Jornal A Razão de 10 de Março de 1938
Jornal A Razão
Trata-se de mais um dos paradoxos da modernidade. A elite que pertence ao local não deseja representá-lo como arcaico, prosaico, ou obsoleto. A modernidade adquire tanto um sentido denotativo, de expressão material das ruas e prédios da cidade, do novo suplantando o velho, como uma acepção conotativa, onde a população sintetiza valores “eurocêntricos”, desejando adquirir costumes e culturas de outro padrão societal. O moderno era almejado como um horizonte a ser seguido, ao qual toda a população citadina deveria se adaptar sem nenhuma denegação. Portanto, além de uma pavimentação nova e esteticamente bonita, a capital precisaria ter um sistema de transporte urbano novo e eficiente. A “mobilidade urbana”, para usarmos uma expressão hodierna, foi um dos problemas da modernização de Fortaleza, protagonizando lutas titânicas entre a prefeitura e a Light¹, empresa que exercia o monopólio do transporte na época. Uma dessas lutas ocorreu devido à reforma da Praça do Ferreira, e a prefeitura, no caso, criou um decreto para retirar os trilhos da Ligth, pois estaria atrapalhando a tal reforma e, segundo o prefeito, também estava causando congestionamento no local.

Rua Major Facundo no final da década de 30.

Jornal A Razão de 1931
Isto é o cúmulo. E falta de senso político. O chefe do executivo municipal deve convir que os trilhos da Light não podem ser removidos de um momento para o outro, e ao sabor de um desejo pessoal, da Praça do Ferreira para outro qualquer ponto da cidade. Quanto a rescisão do contrato, é pilheria que não vale a pena nem falar. Nós não temos alcance para capital de tão arrojada empresa. Salvo se desejamos voltar aos antigos bondes de burro.... (A RUA, 29/08/1933 p. 03).

O jornal A Rua, como o veículo que fazia oposição aberta ao prefeito sai em defesa da empresa, alegando arbitrariedade por parte de Raimundo Girão, que tinha ameaçado romper o contrato com a Light, caso ela não retirasse os trilhos da Praça do Ferreira. Porém, a problemática era muito mais complexa, tratava-se, além da questão da referida praça, uma discussão sobre o monopólio dos transportes urbanos. Era uma estrutura arcaica, para um capitalismo que “necessitava de concorrência”. Sem falar que a cidade estava se expandindo, a população aumentando, os subúrbios crescendo, e alargando a distância dos trabalhadores para os seus locais de trabalho. O transporte não poderia ficar fora do projeto de modernização do Estado. Neste sentido, a intervenção do Estado no sistema de transporte se tornara inevitável. O que poderia variar seriam os aspectos dessa intervenção.

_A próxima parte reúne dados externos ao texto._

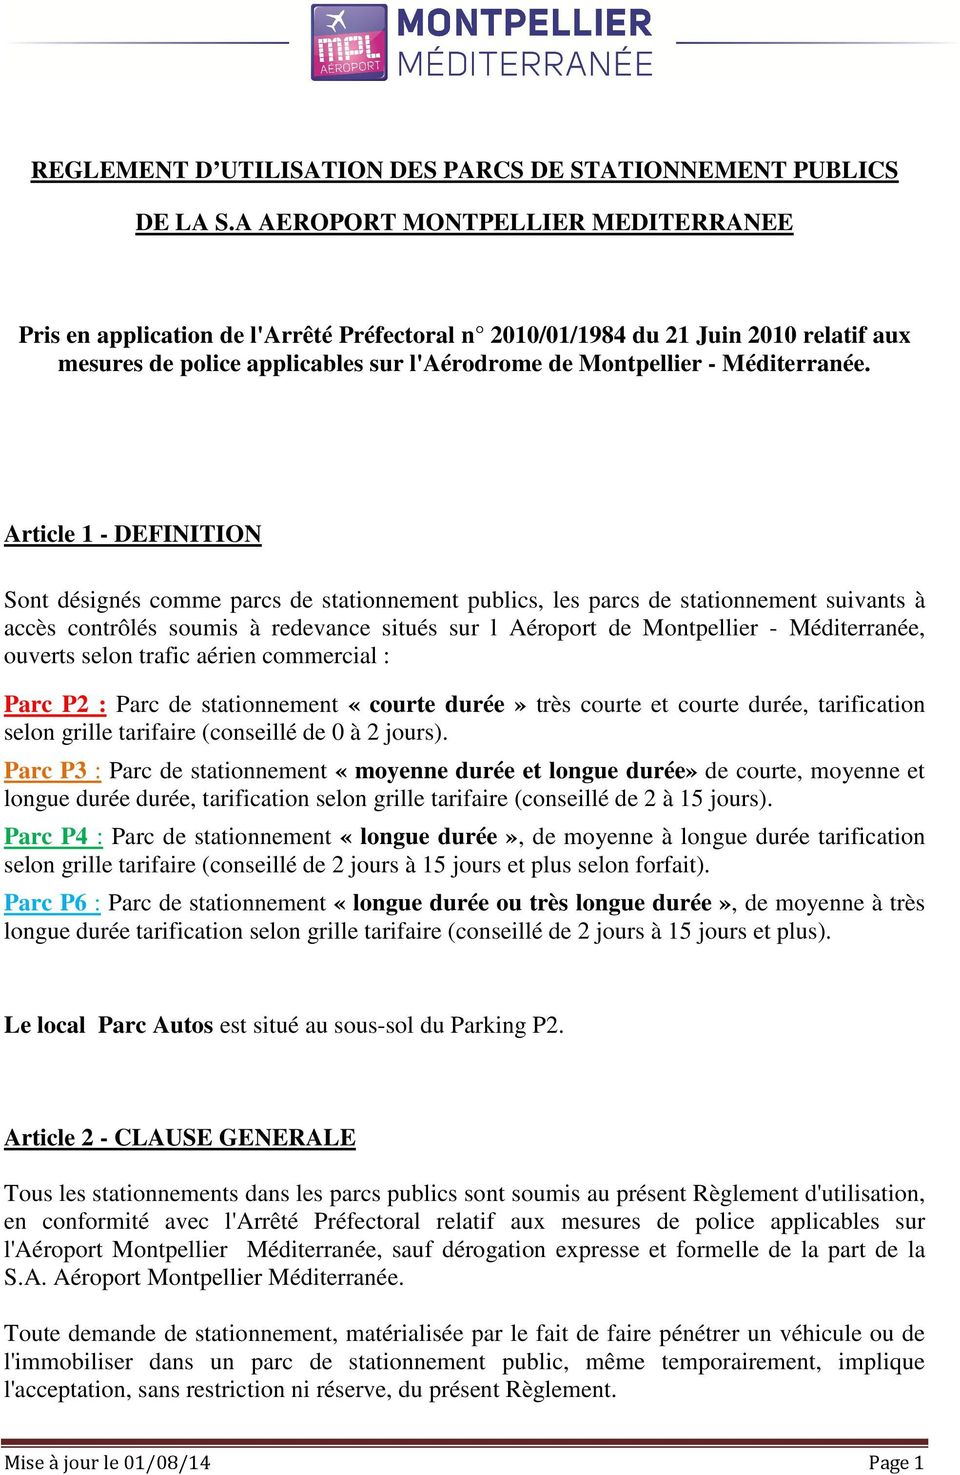 Article 1 - DEFINITION Sont désignés comme parcs de stationnement publics, les parcs de stationnement suivants à accès contrôlés soumis à redevance situés sur l Aéroport de Montpellier -

A última nota da prefeitura proibindo que viajem mais de 4 passageiros nos bondes da Light, não traz nenhum benefício a população. Ao contrário, acarreta prejuízos. As classes pobres não se utilizam dos ônibus, já pelo preço, que é mais caro, como também porque eles reclamam um traje mais descente. Resulta daí que o número de veículos, em determinadas horas do dia, é insuficiente para lotar os passageiros, e estes ficam naturalmente prejudicados com a nova invenção da prefeitura. Se tal providência é posta em prática com o objetivo de ferir a companhia inglesa, vá lá, nada temos a ver com isso. Acreditamos, porém, que não há de ser com esses processos que a municipalidade consiga que a Light retire os seus trilhos da Praça do Ferreira. (IDEM, 31/10/1933 p 01).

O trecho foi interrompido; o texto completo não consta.